What’s in a name? Well, lots when it comes to dietary iron. You see, haem iron is more bioavailable than non-haem iron. What this means is that our body absorbs and utilises haeme iron much more efficiently compared to iron found in plants. The ‘culprits’ here are the phytate and fibre found in plant cells.

So if you’re not a vegetarian or a vegan, make sure to have some animal protein for breakfast, lunch and dinner. For instance, you can have a chicken sandwich for breakfast, some fish fillet for lunch and a beef steak for dinner.

What if you’re vegan or vegetarian?

Don’t worry: there’s no need to become a beef eater during these nine months. As mentioned, plant foods are also good sources of iron; you simply have to help your body absorb more of this non-haem iron. That’s very easy: simply make sure to include a vitamin C containing food — any fruit or veggie that’s yellow, orange, red or green — when you’re having some ‘plant iron’.

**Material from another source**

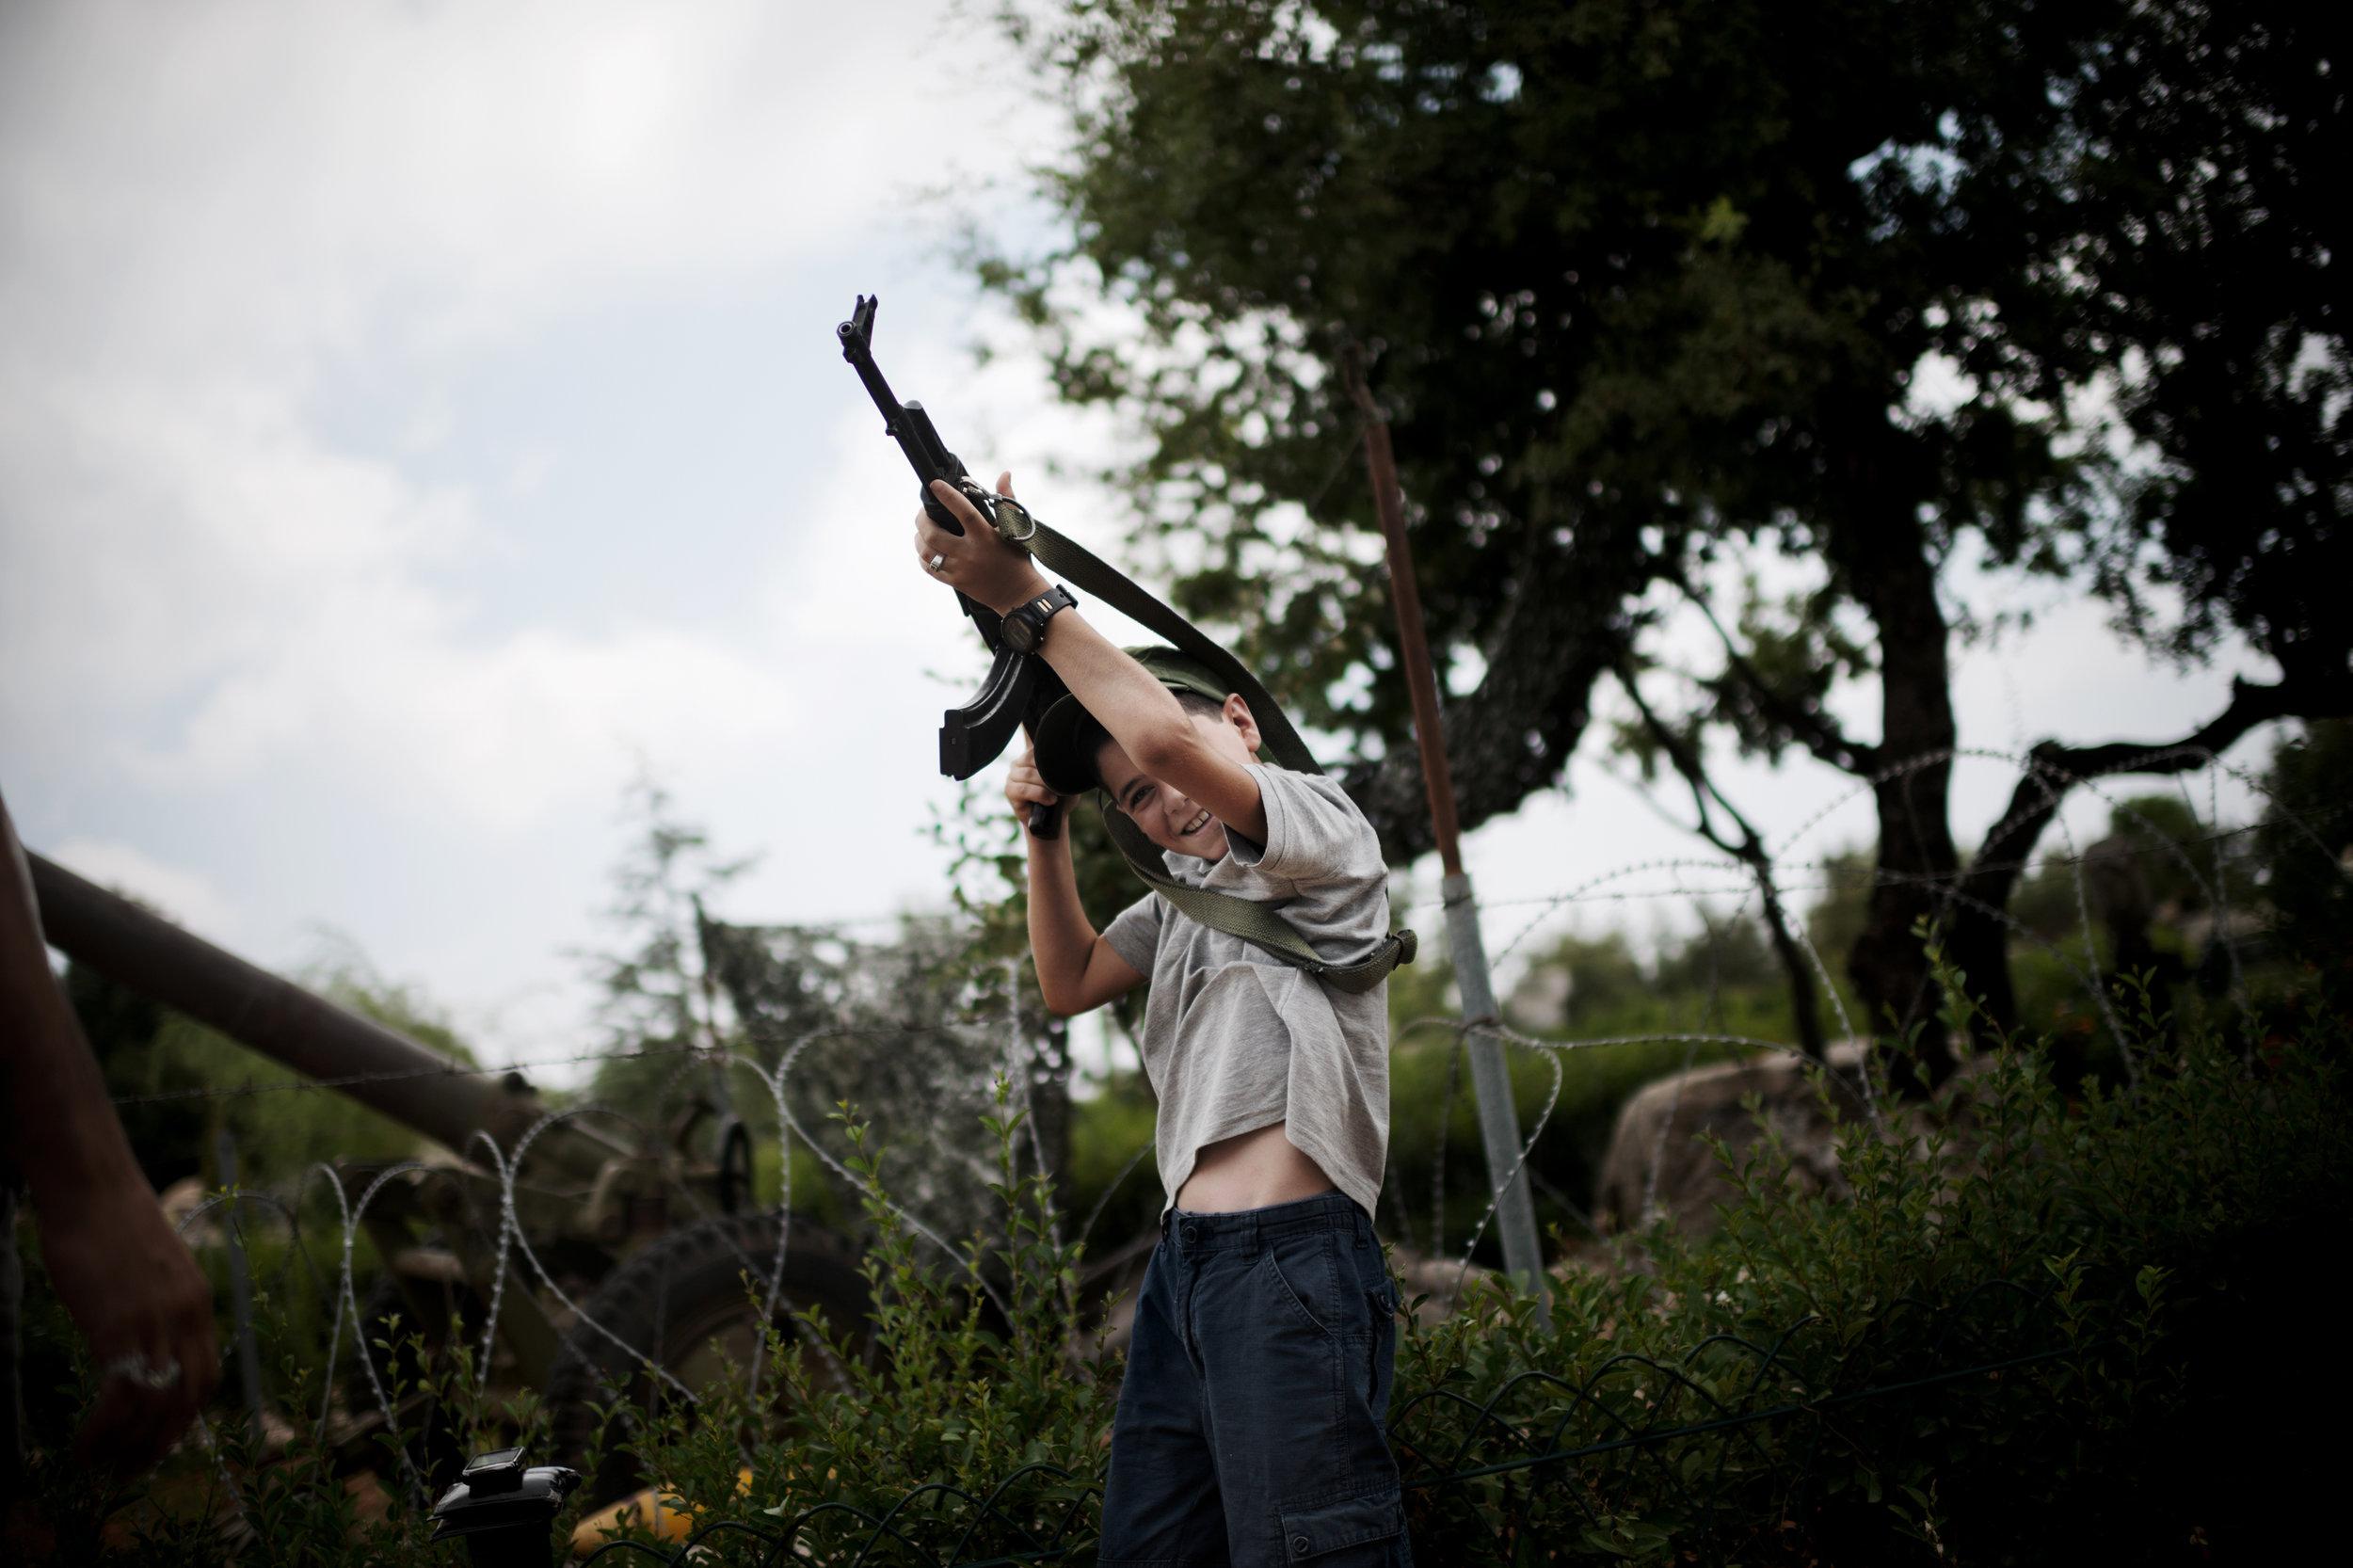 utvalg_hizbollah_park_04.jpg

Here are some easy and yummy combos:

  • Have a kiwi, an orange or half a grapefruit just before your meal;
  • Mix some tomato salsa (preferably home-made) with your beans;
  • Liven up your spinach-avocado salad with some strawberries or a mix of yellow, green and red bell peppers;
  • Have a side of roasted or steamed cauliflower with your lima beans;
  • Add some chopped carrots and broccoli florets to your macaroni and cheese.
  • Load up your spaghetti sauce with pureed tomatoes, some chopped carrots and serve with a side of green beans.

Just be creative!

Beware of inhibitors of iron absorption

Besides phytates and fibre, the following will also interfere with iron absorption:

  • Calcium: Hinders absorption of both haem and non-haem iron;
  • Caffeine: Found in coffee, tea, colas and chocolate. Adding milk to coffee appears to further decrease iron absorption;
  • Tannic acids (tannins): Found in tea, tannins can suppress non-haem iron absorption by as much as 50%! Green tea and some herbal teas also appear to have a small inhibiting effect on iron absorption.
  • Indian spices: Chillies, coriander, tamarind and turmeric also contain tannins.

So, no more beloved Java and oh-so-fragrant tea? Not necessarily: just try to take the beverages mentioned above between meals at least 2 hours prior to and after an iron-rich meal.

Planning to have Indian food: simply choose a meat-based dish or remember to have some vitamin-C rich foods on the side.

An extra word about iron supplements

If you’ve been prescribed some iron pills, avoid taking these with calcium supplements, dairy products, coffee, tea, colas or chocolate. You may also consider not taking your supplements with meals that are high in fibre and phytates.